De grote brand in de Parijse kathedraal Notre-Dame liet vrijwel niemand onberoerd. Dat zo’n wereldberoemd gebouw, zo’n belangrijk stuk traditie en erfgoed, zo’n religieus monument bijna verwoest kon worden, hield echt niemand voor mogelijk. Binnen een mum van tijd trokken enkele puissant rijke Franse families de portemonnaie en werden honderden miljoenen bijeengebracht om het herstel te financieren.

De vrijgevigheid van rijke Fransen viel niet bij iedereen in goede aarde. Want met dat geld konden zo veel mensen geholpen worden. Was de ongelijkheid in Frankrijk niet heel groot? Kon met dat geld de armoede niet bestreden worden? Kon dat geld niet beter besteed worden aan goed onderwijs, zodat de komende generatie Fransen daarvan zou profiteren?

Natuurlijk, met honderden miljoenen kan veel goeds worden gedaan. En wie de herbouw van de Notre-Dame ziet als het weer rechtop zetten van een stapel stenen komt tot de conclusie dat dat een veel beter idee zou zijn geweest. Ik heb even geen waardeoordeel over wat beter is, het een of het ander. Maar een ding is zeker. De ‘klagers’ van nu kijken heel anders naar de wereld dan de bouwers van toen.

De middeleeuwse steenhouwer die begon aan de bouw van een kathedraal, wist een ding zeker. Hij zou dood zijn voor ‘zijn’ bouwwerk af was. En zijn zoon die hem in zijn ambacht op zou volgen ook. Zij werkten ook niet voor zichzelf of het hier en nu. Zij werkten voor God, de gemeenschap en de eeuwigheid. Middeleeuwse kunstenaars zetten hun namen ook niet onder hun creaties. Zo belangrijk waren ze zelf niet. Het ging hen om iets groters.

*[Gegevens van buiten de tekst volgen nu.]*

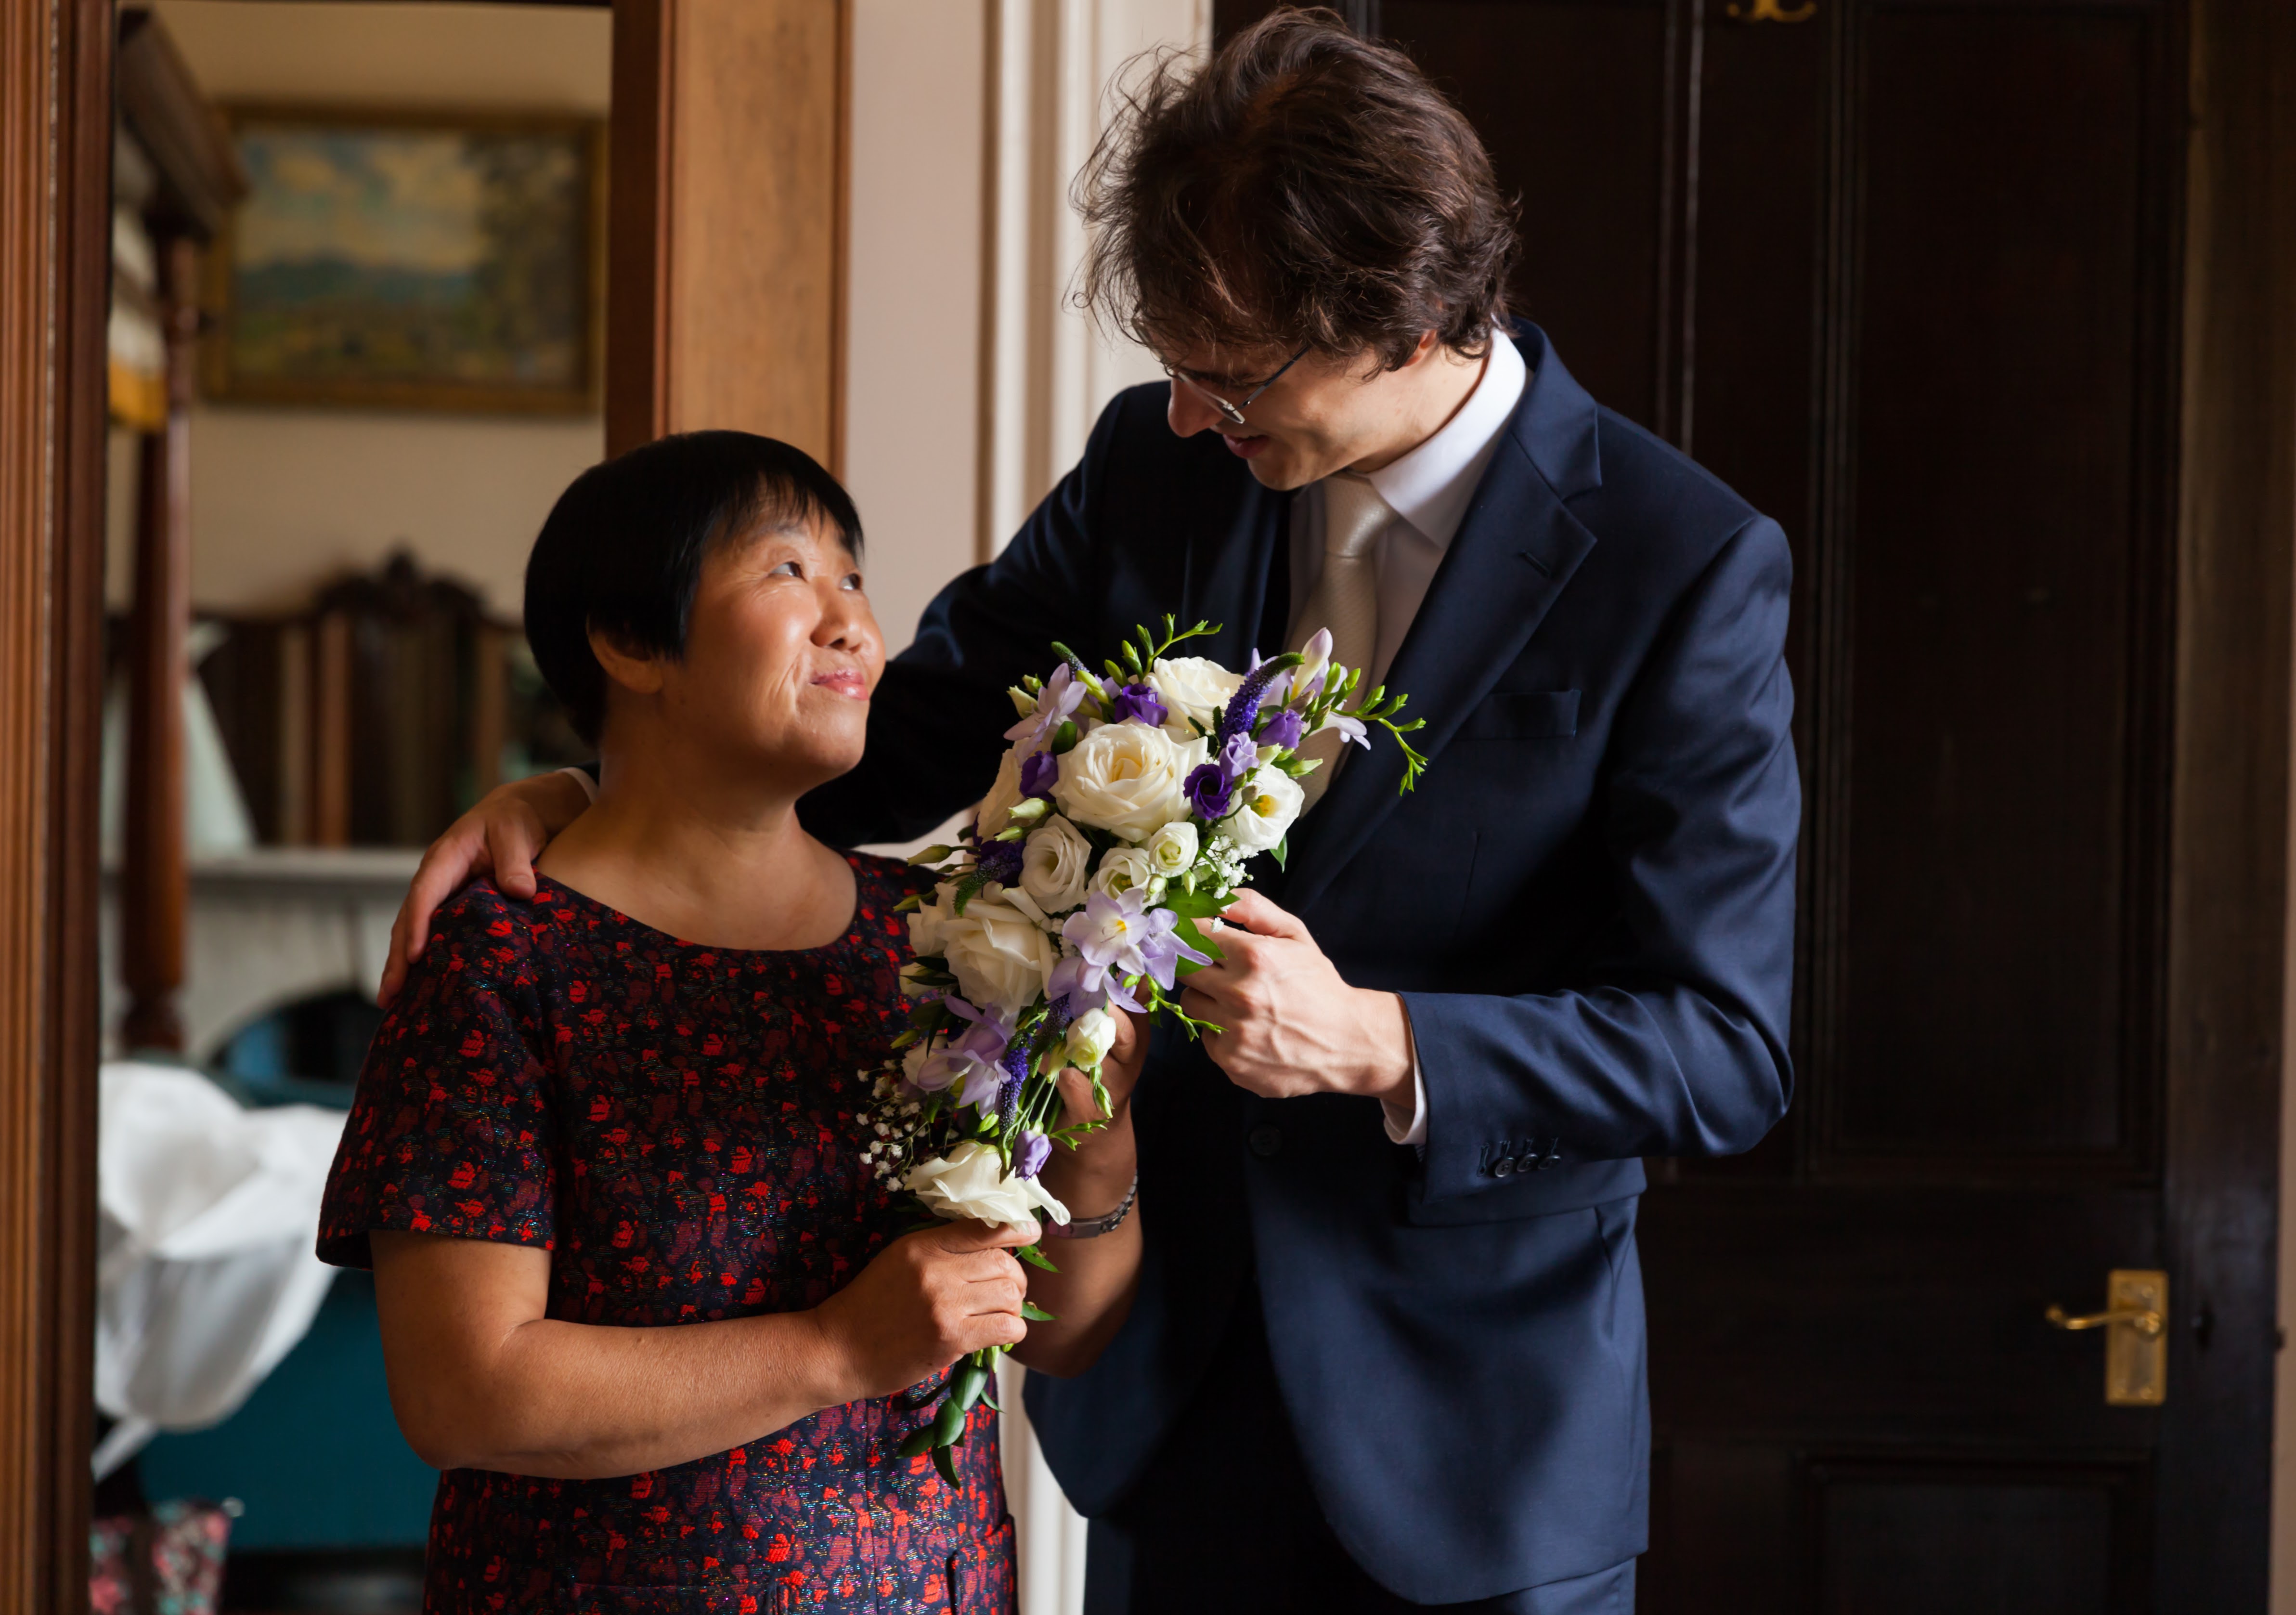 Ciro Santilli with his mother in law during his wedding in 2017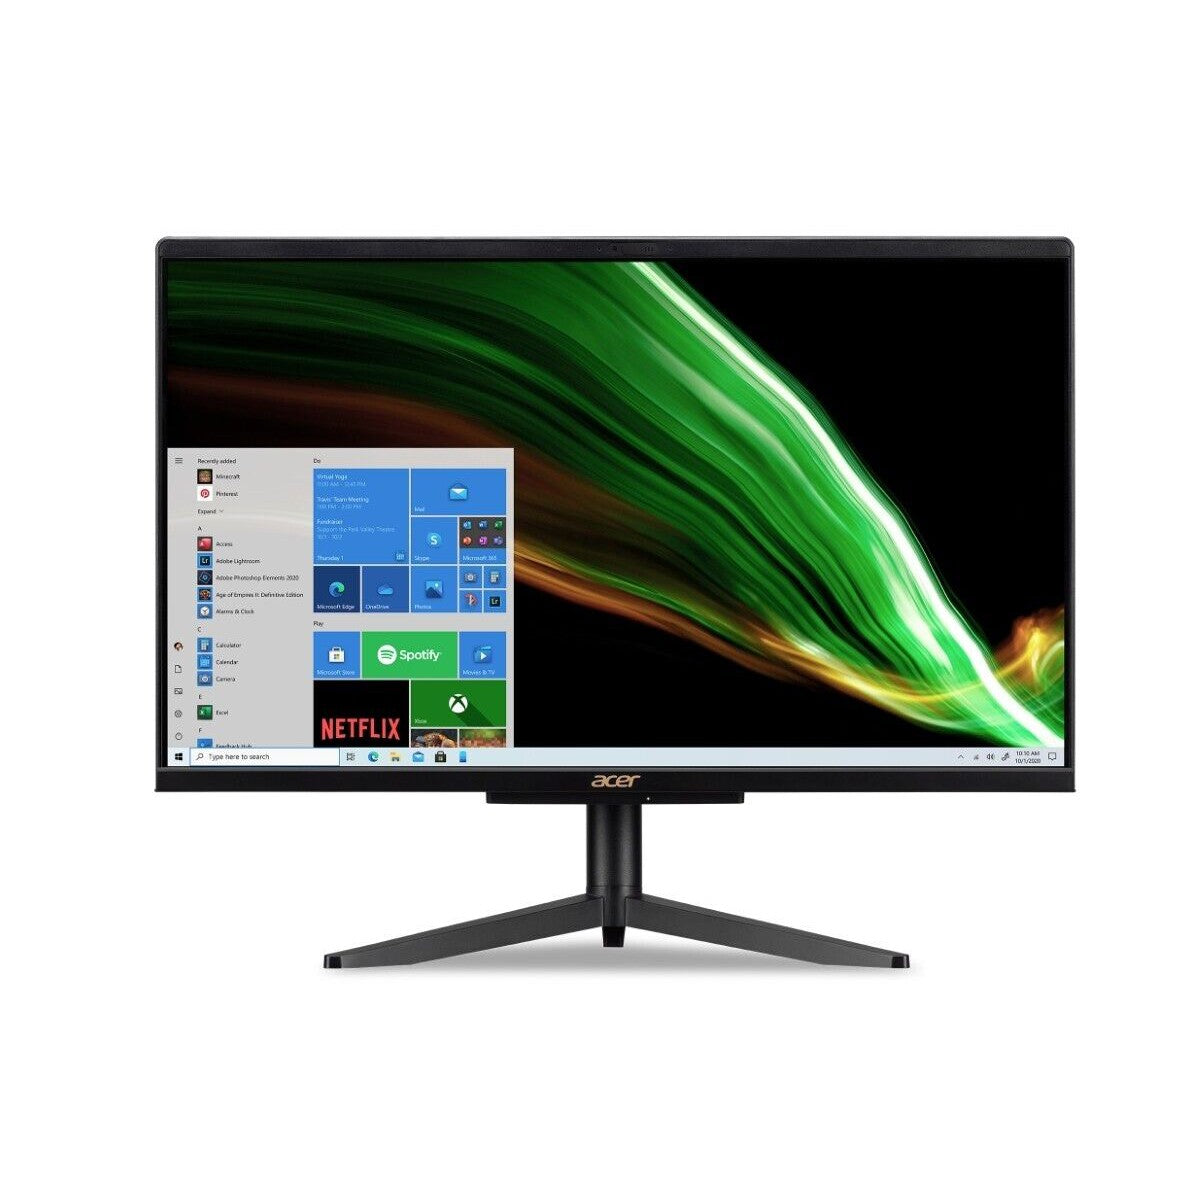 Acer All-in-One PC Aspire C22-1600 21.5in Intel Celeron 4GB Memory 256GB Storage

Ook in de middeleeuwen kostte het bouwen van een groot monument een godsvermogen. Een vermogen waarmee mensen geholpen hadden kunnen worden. Door de bril van de hedendaagse mens lijkt het een bijzondere investering. Maar wel een investering die al honderden en honderden jaren meegaat. Een kerk waarmee generaties Parijzenaars een deel van hun identiteit verbonden zien.

Mensen die beweren dat al het geld dat rijke Fransen bijeen gebracht hebben, beter gebruikt zou kunnen worden om mensen te helpen, hebben gelijk. Tenminste voor wie door de bril van het individu en het hier en nu kijkt. Voor wie, net als middeleeuwers, kijkt door de bril van gemeenschap en eeuwigheid, komt tot een andere conclusie. Mensen hebben hoe dan ook iets nodig dat hen eraan herinnert dat er meer is dan het eigen kleine ik. Dat schoonheid en liefde generaties kan overstijgen. Iets dat ons plaatst in een traditie van duizenden jaren, of we nu geloven of niet.